Где сокровище ваше…

We use cookies. Read the Privacy and Cookie Policy

Где сокровище ваше…

А то – в себя, словно в глухой колодец

Гляжу, покуда глаз не изнемог,

И встречно смотрит изнутри уродец -

Раденьем тщетным изнуренный мозг.

Б. Ахмадулина.

«Все вы, во Христа крестившиеся, во Христа облеклись, – учил апостол Павел. – Нет уже иудея, ни язычника; нет раба, ни свободного; нет мужеского пола, ни женского: ибо все вы одно во Христе Иисусе» [108]. У святых отцов находим созвучные рассуждения; святитель Василий Великий указывает: «Жена, как и муж, тоже имеет привилегию быть сотворенной по образу Божию. Их две природы одинаково почтены, они равны в добродетелях, равны в награде и подобны в осуждении» [109]. Ему вторит Григорий Богослов: «Один Творец мужа и жены, одна персть, оба они – один образ; один для них закон, одна смерть, одно воскресение» [110].

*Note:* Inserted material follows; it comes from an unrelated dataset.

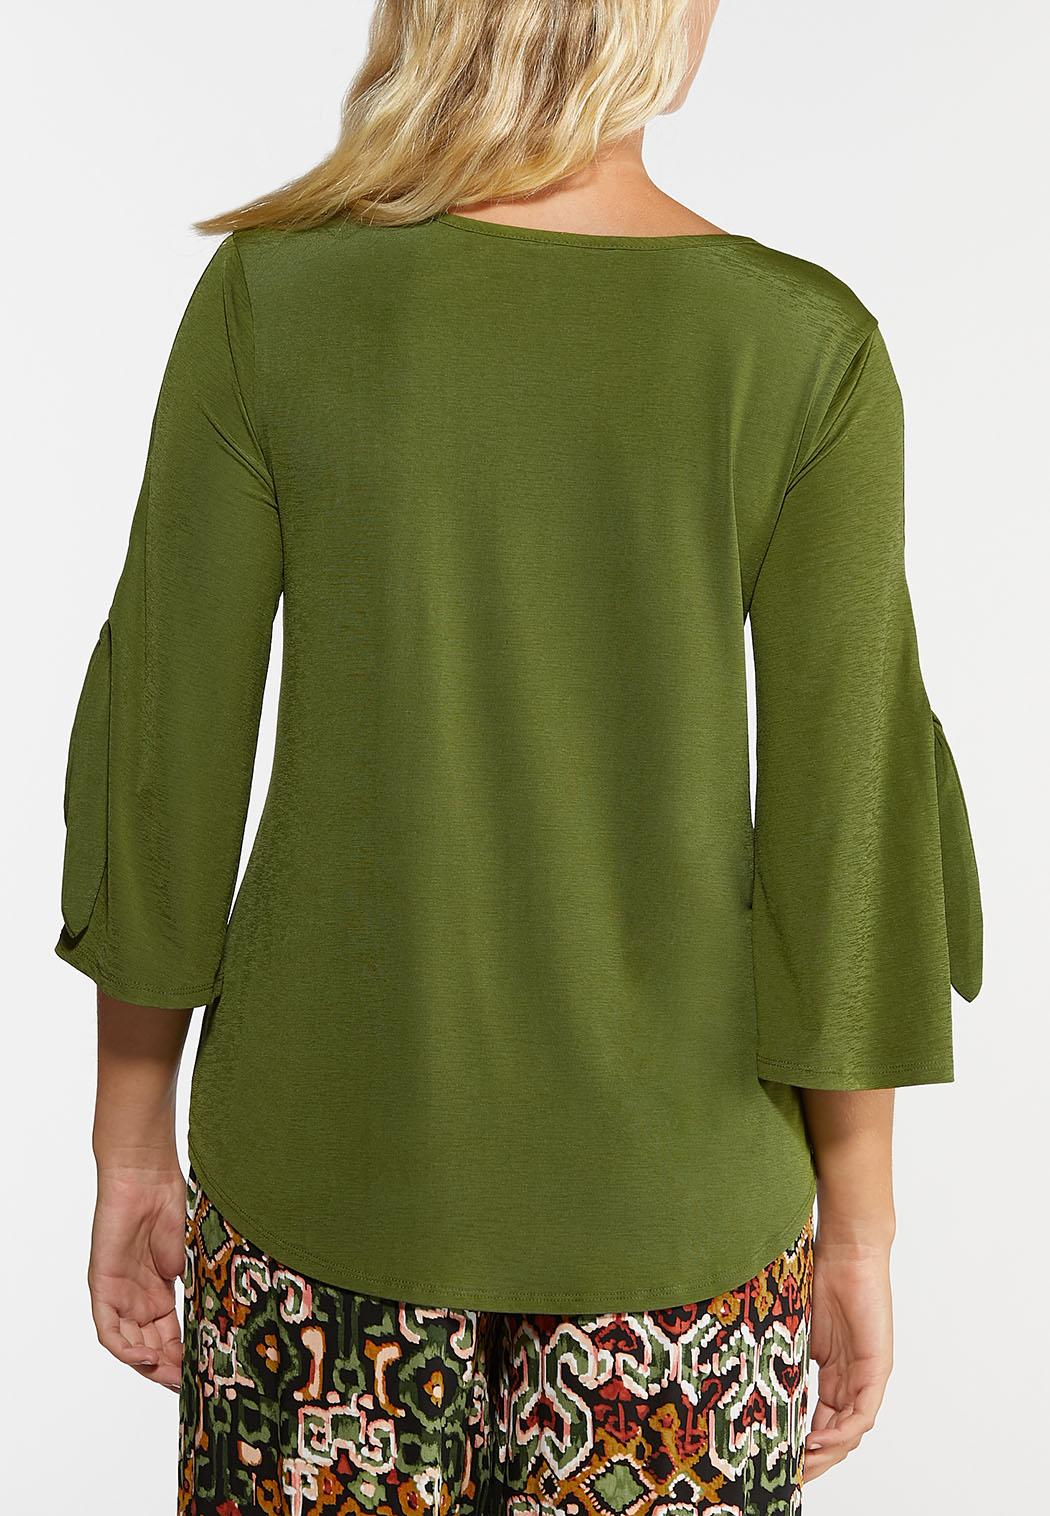 Green Tie Sleeve Top (Item #44367446)

Поэтому женщины не вправе претендовать на льготы, связанные с немощной природой пола, «изнеживаться и ссылаться на то, что слишком слабы для подвигов добродетели и жизни благочестивой» [111]. В Лавсаике, где 25 из 132 глав посвящены женам, приводятся бесценные примеры не только возвышенного, небесного образа жизни, но и поучительные ошибки и заблуждения, главная из которых -подвижничество напоказ, ради суетной славы, которой ищет растленная воля, а не не по духовному расположению и не по любви к Богу» [112].

Очень просто: где сокровище ваше, там будет и сердце ваше; всё зависит единственно от степени приближения ко Христу. Если вера в Него не займет главное место в сердце, разуме и попечениях, если будет только обычаем, придатком к повседневности, инстанцией в выпрашивании житейских благ, ничего доброго не получится, разве что выработается своеобразный тип поведения, именуемый «бабьим благочестием»; вполне ведь возможно в себялюбивом стремлении отличиться исполнять правила, с чувством глубокого удовлетворения от своей праведности вычитывать трогательные акафисты, наслаждаясь собственной религиозностью умиляться и плакать в храме, и при всем том совершенноне вспоминать о Христе.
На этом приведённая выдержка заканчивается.